UK warns of humanitarian crisis in Iraq

LONDON — Britain's Foreign Secretary Philip Hammond warned yesterday that a humanitarian disaster of massive scale was brewing in northern Iraq, as he promised action to help the afflicted.

However, Hammond, who chaired a meeting of the government's emergency security committee, said he does not envisage a combat role for British troops in Iraq.

With media replete with stories of suffering and atrocities, Britain's government is being called to account. The Daily Mail newspaper featured a photograph of the prime minister while on vacation, walking barefoot down a beach under the headline: "Now UK must join bomb raids on fanatics, say MPs."

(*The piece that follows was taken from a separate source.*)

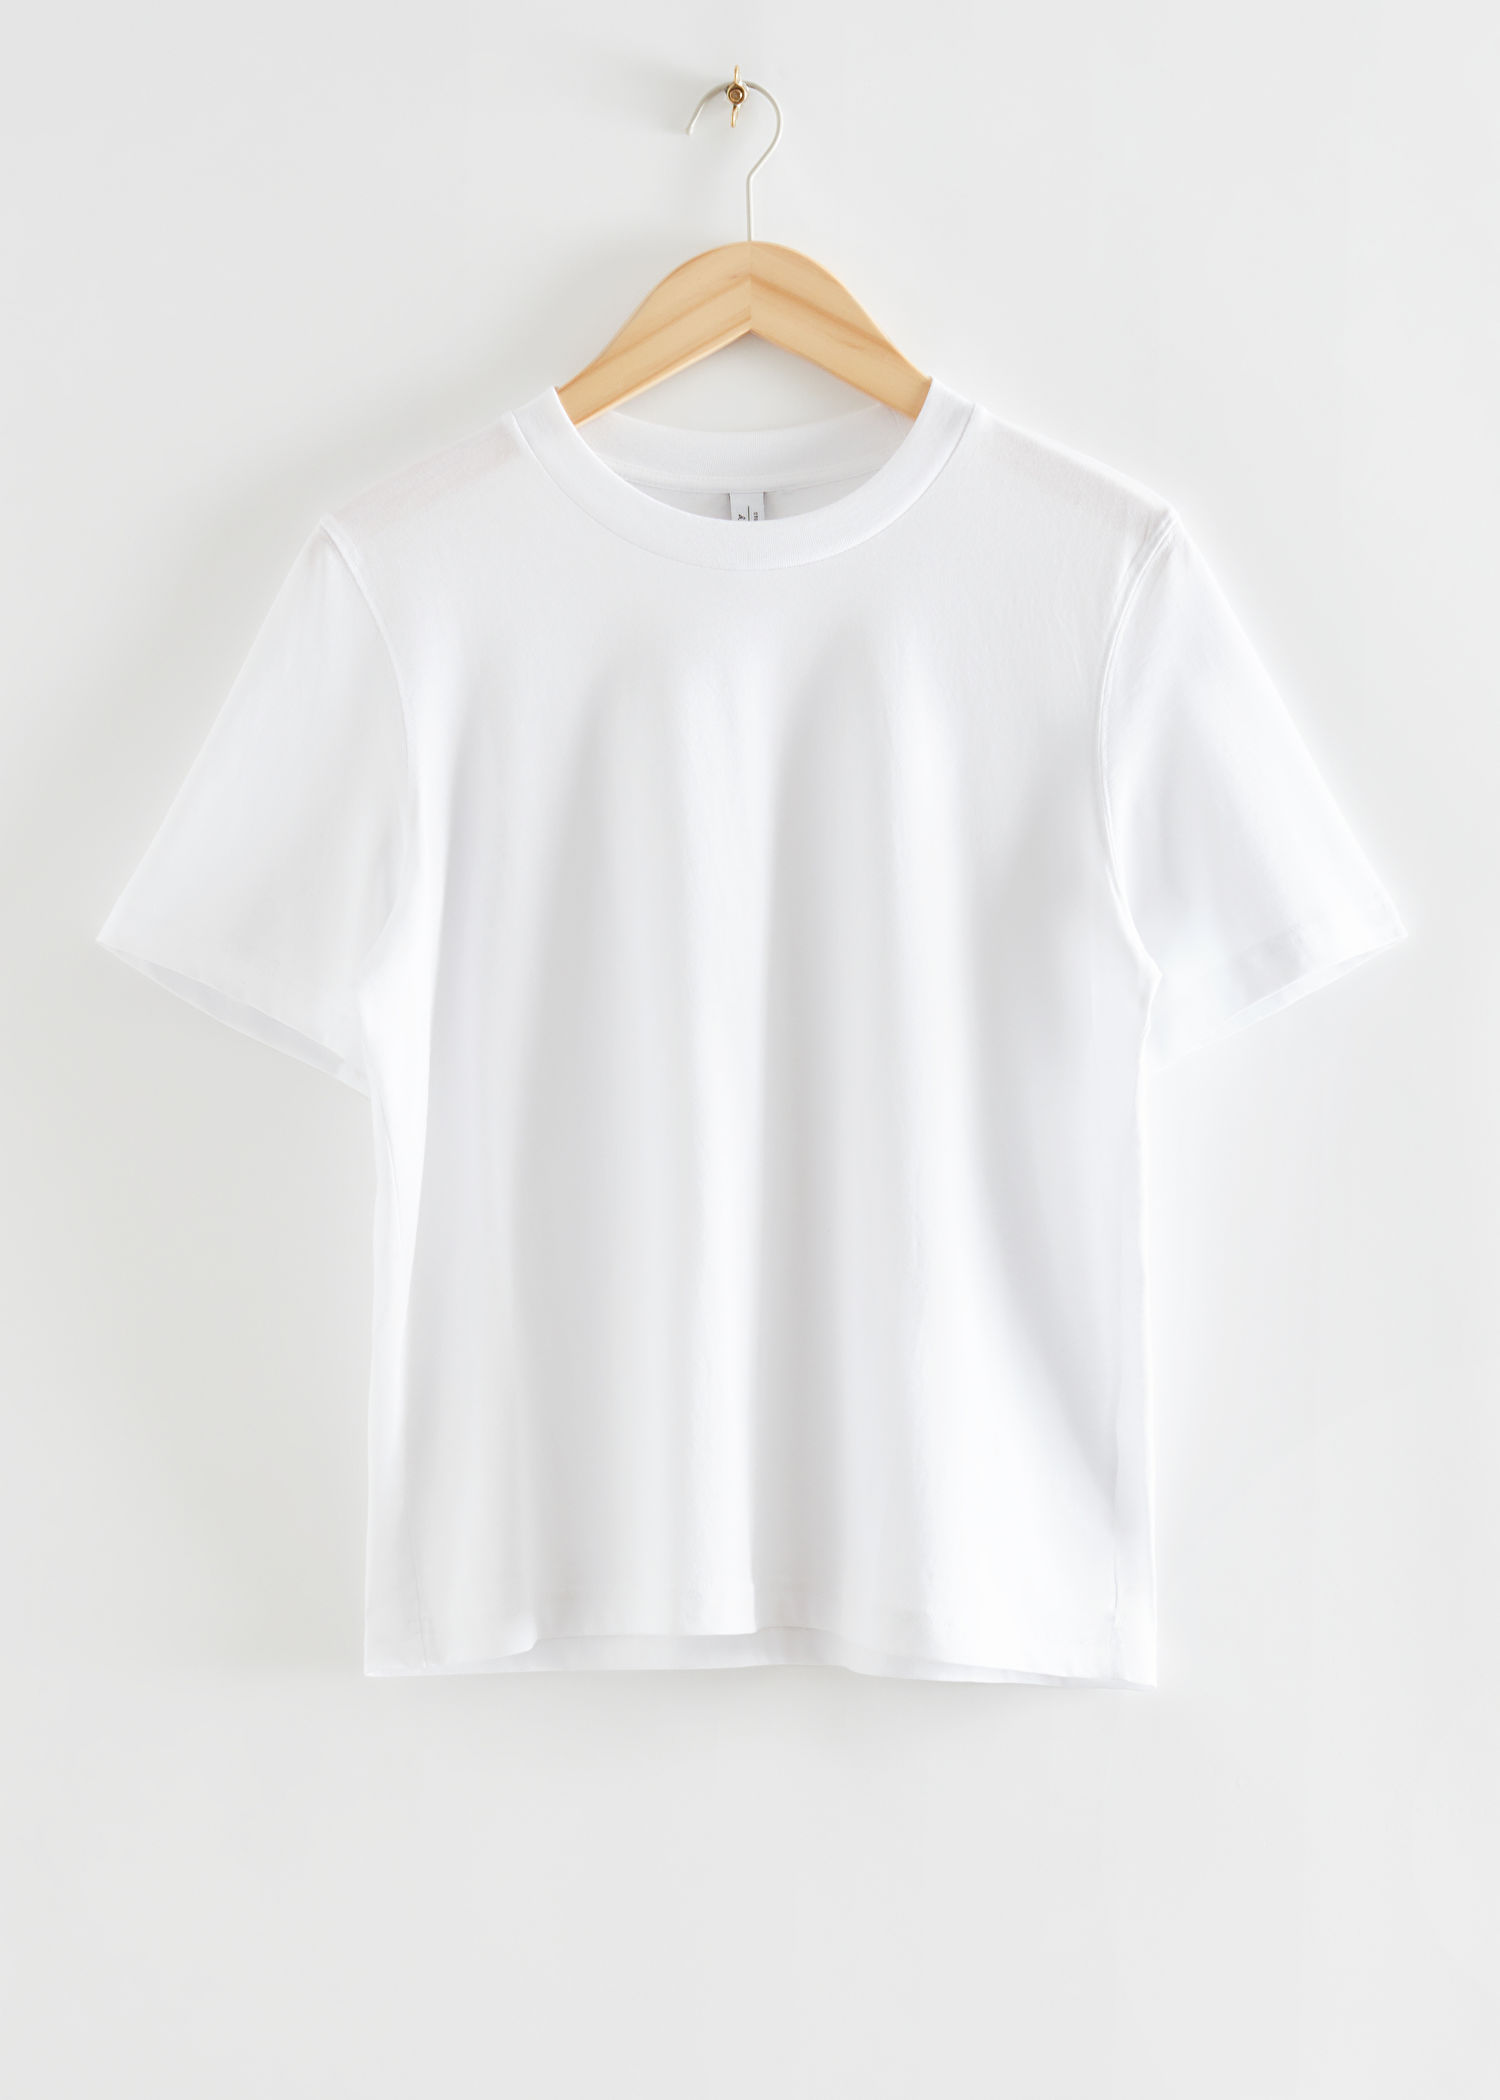 4 REASONS WHY YOU NEED THIS £19 T-SHIRT

Other European leaders were also feeling the pressure. France called for an urgent meeting of European Union foreign ministers to consider Kurdish requests for arms and an aid airlift to northern Iraq.

The ambassadors of the EU's 28-member nations plan an emergency meeting on the security situation in Iraq, Gaza and Ukraine on Tuesday.

EU foreign policy chief Catherine Ashton could call a meeting of higher-level officials if a majority of the ambassadors request it. However, no such decision is expected, an EU official said yesterday, speaking on condition of anonymity because of the sensitivity of the issue.

British cargo planes carrying drinking water and tents have dropped some emergency supplies to the Yazidi community, a minority group besieged by Islamic militants in the Sinjar mountains in northern Iraq. But the efforts stalled in the past day because crew members were unable to find a place to drop supplies amid a crush of desperate people.

Hammond said the government had examined "options available to us to step up our humanitarian support, including obtaining better situational awareness of what's going on on the mountain, both to facilitate the air drops and to start planning how we are going to get people out."